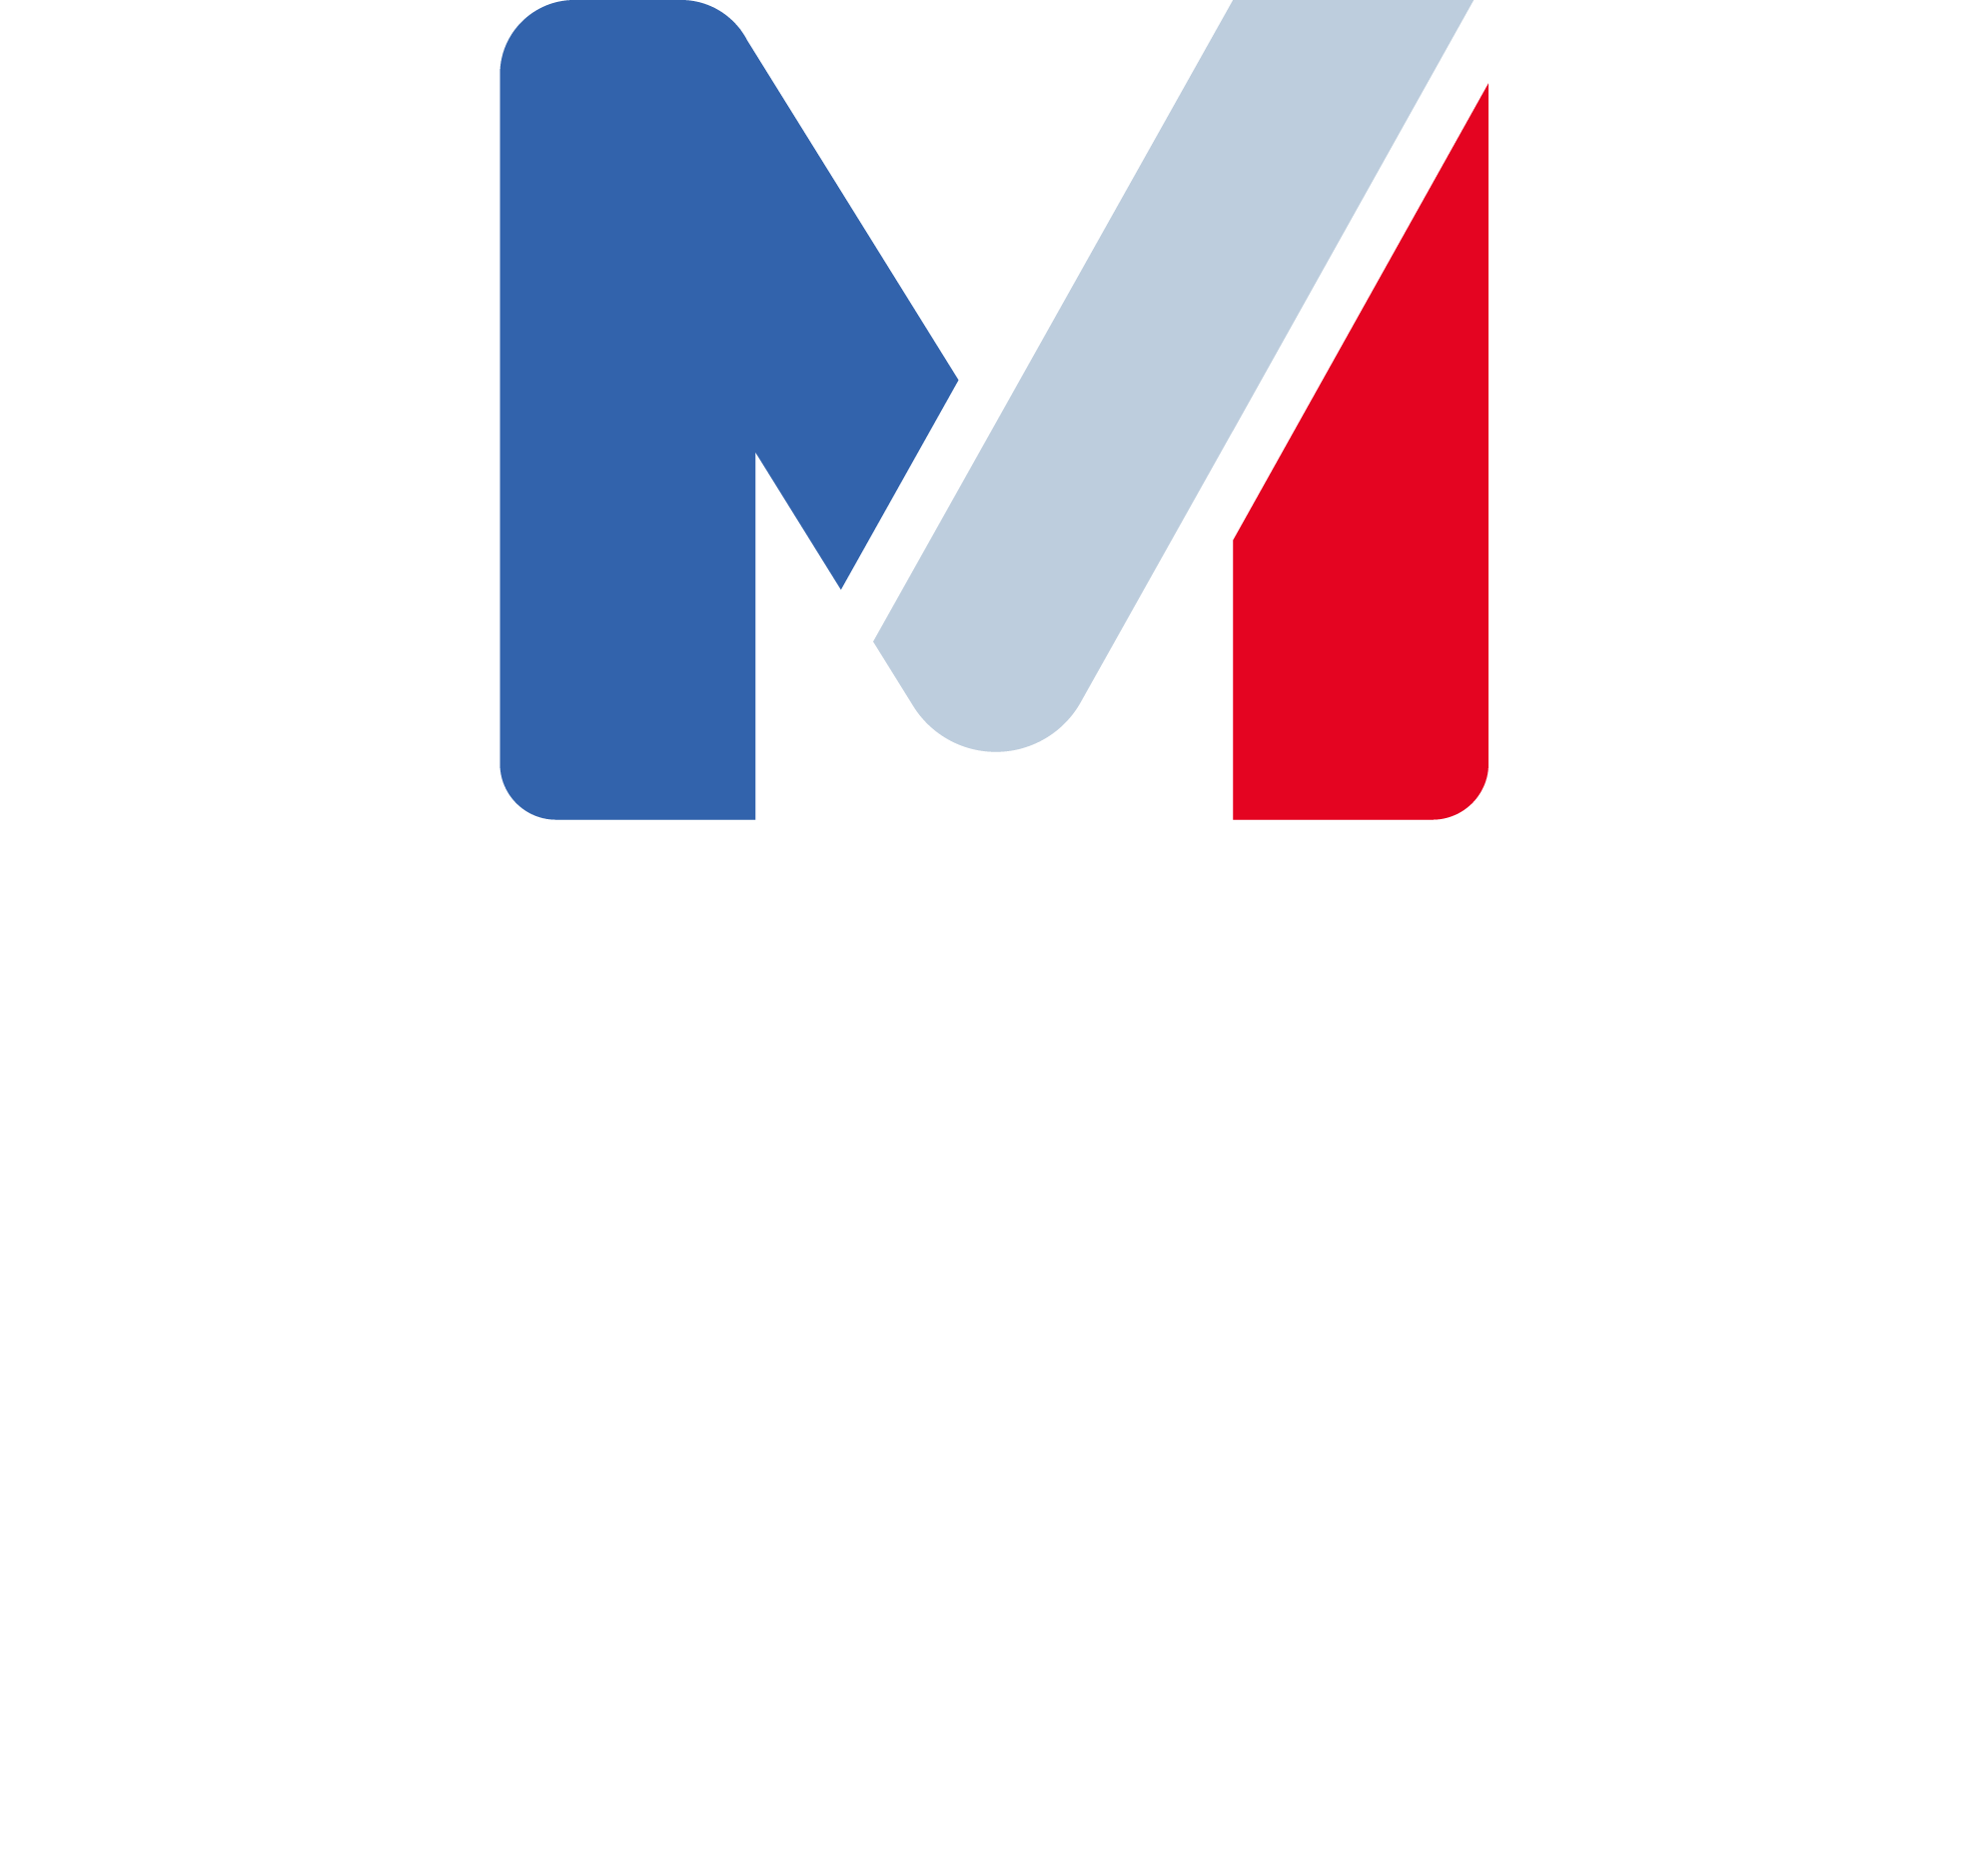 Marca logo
* * *
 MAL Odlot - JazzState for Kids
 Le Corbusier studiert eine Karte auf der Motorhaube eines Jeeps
* * *
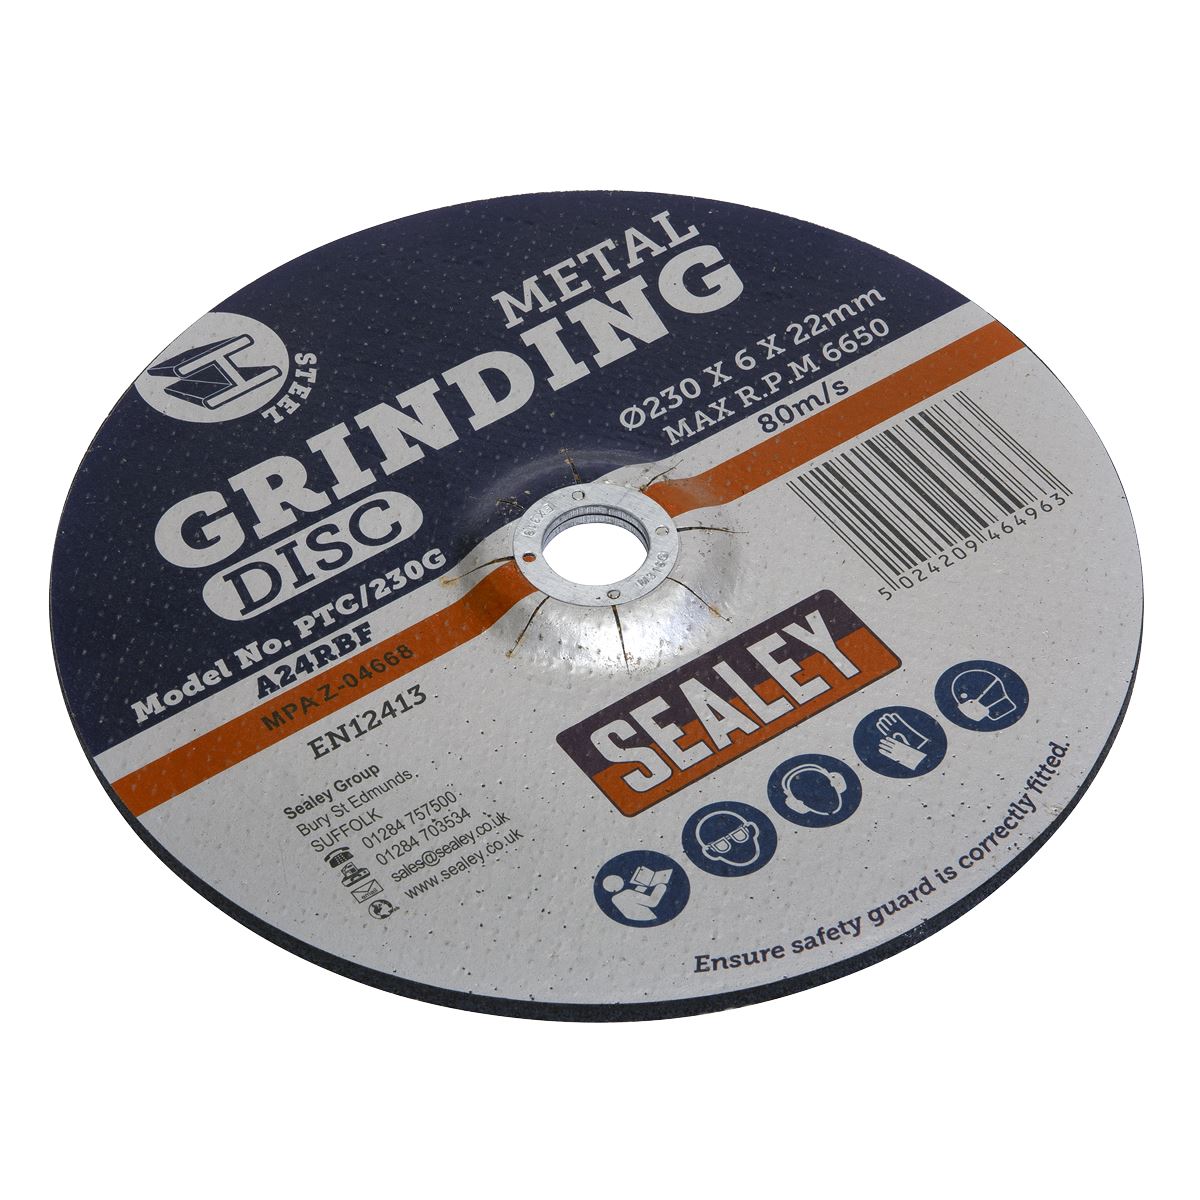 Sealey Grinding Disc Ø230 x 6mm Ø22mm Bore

- _WHAT YOU NEED TO DO_
Write down exactly the span of lines above from the one containing "MAL Odlot - JazzState for Kids" to the one containing "Le Corbusier studiert", both ends included.

- _EXERCISE RESPONSE_
 MAL Odlot - JazzState for Kids
 Le Corbusier studiert eine Karte auf der Motorhaube eines Jeeps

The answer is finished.